I provide a resource estimator for the number of circuit executions and time it takes to run VQC-based machine learning methods and show it suggests we need to think more carefully about applications of QML. Motivated by this, I use Wooton et al.'s Quantum Blur as a data augmentation technique for the CIFAR-10 dataset, achieving human-level performance using David Page's ResNet model and demonstrates that approach has merit for further study. Finally, I develop a novel Quantum Mixup method for data augmentation, though analysis of this is left to further study.
We are currently in the so-called Noisy-Intermediate Scale Quantum (NISQ) era where we have relatively low numbers of qubits and large amounts of noise. Many of the algorithms we get exponential speedups from for instance, Quantum Phase Estimation, require error correction and cannot be feasibly implemented at this time. We're interested therefore, if there are any algorithms we can currently implement that provide value for quantum computing.

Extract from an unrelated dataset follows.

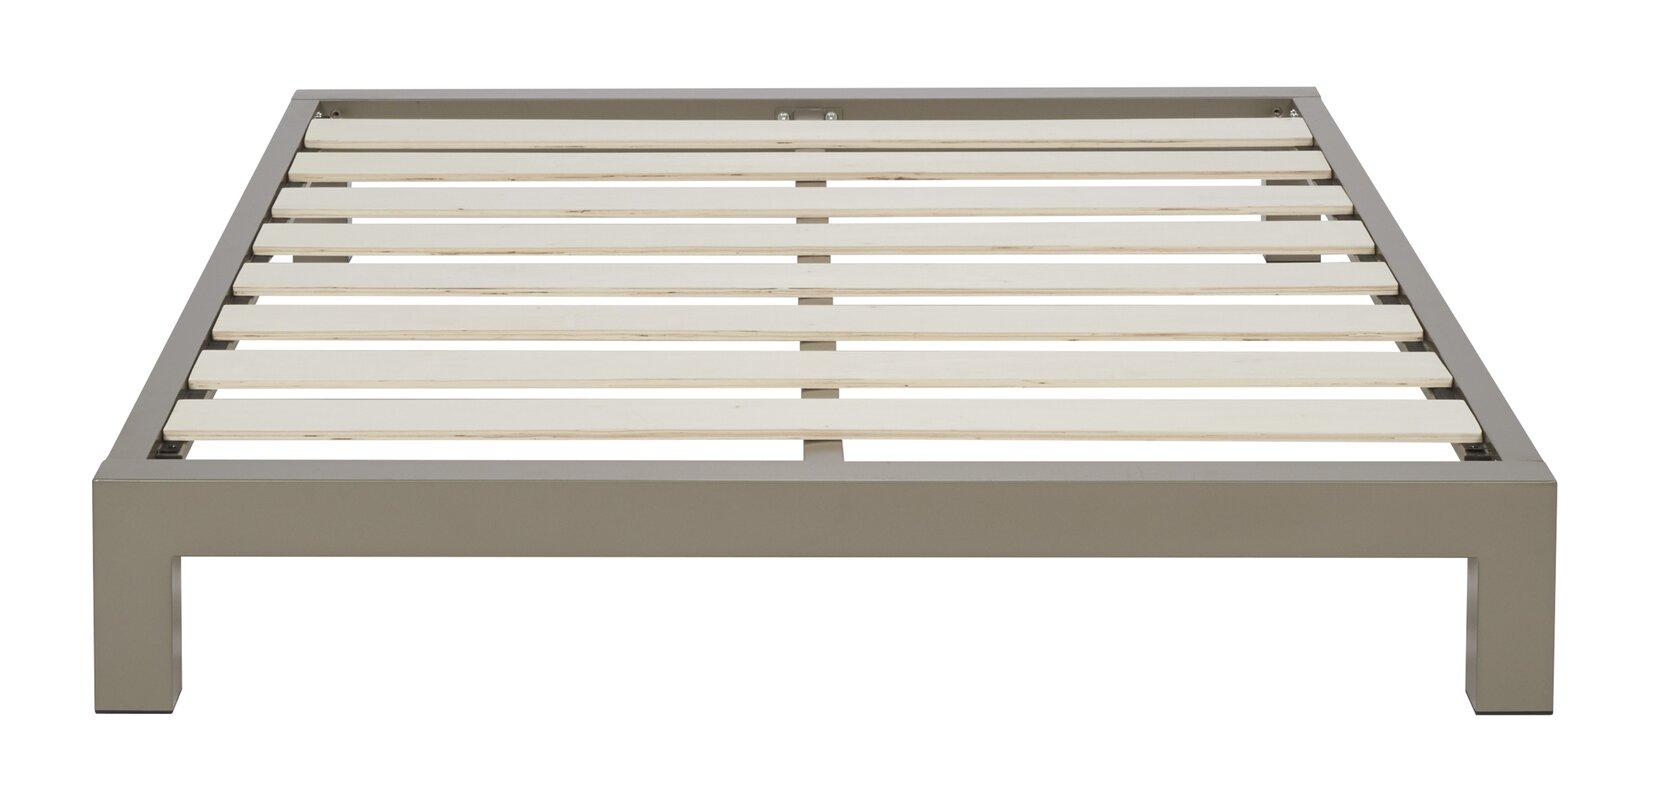 Queen Platform Bed Frames in style furnishings stella bed frame & reviews | wayfair

Quantum Machine Learning (QML) is one such area containing algorithms that could be of interest in the NISQ era. Roughly speaking, QML can be described as any machine learning approach that makes use of a quantum computer. While this includes techniques that are closer to classical machine learning, for example k-means clustering or quantum neural networks, this also encompasses classical machine learning on quantum data.
Many of these algorithms however, are not implementable on current quantum devices. The requirement for an efficient state preparation routine, or the use of QRAM renders these unusable for some time to come. Even if it these problems didn't occur, the circuits required to run these algorithms are far deeper than we're currently capable of, and so the the results are dominated by hardware noise.
One of the favoured approaches that can be implemented on current machines is to to use Parameterised or Variational Quantum Circuits (PQCs or VQCs). Heuristically, the hope is that the parameters of the circuits being trainable means that the circuit is allowed to learn and adapt to the machine noise, mitigating some of the noise problems on near-term devices.
VQCs typically consist of 3 distinct parts:
- An embedding for classical data, often angle embedding.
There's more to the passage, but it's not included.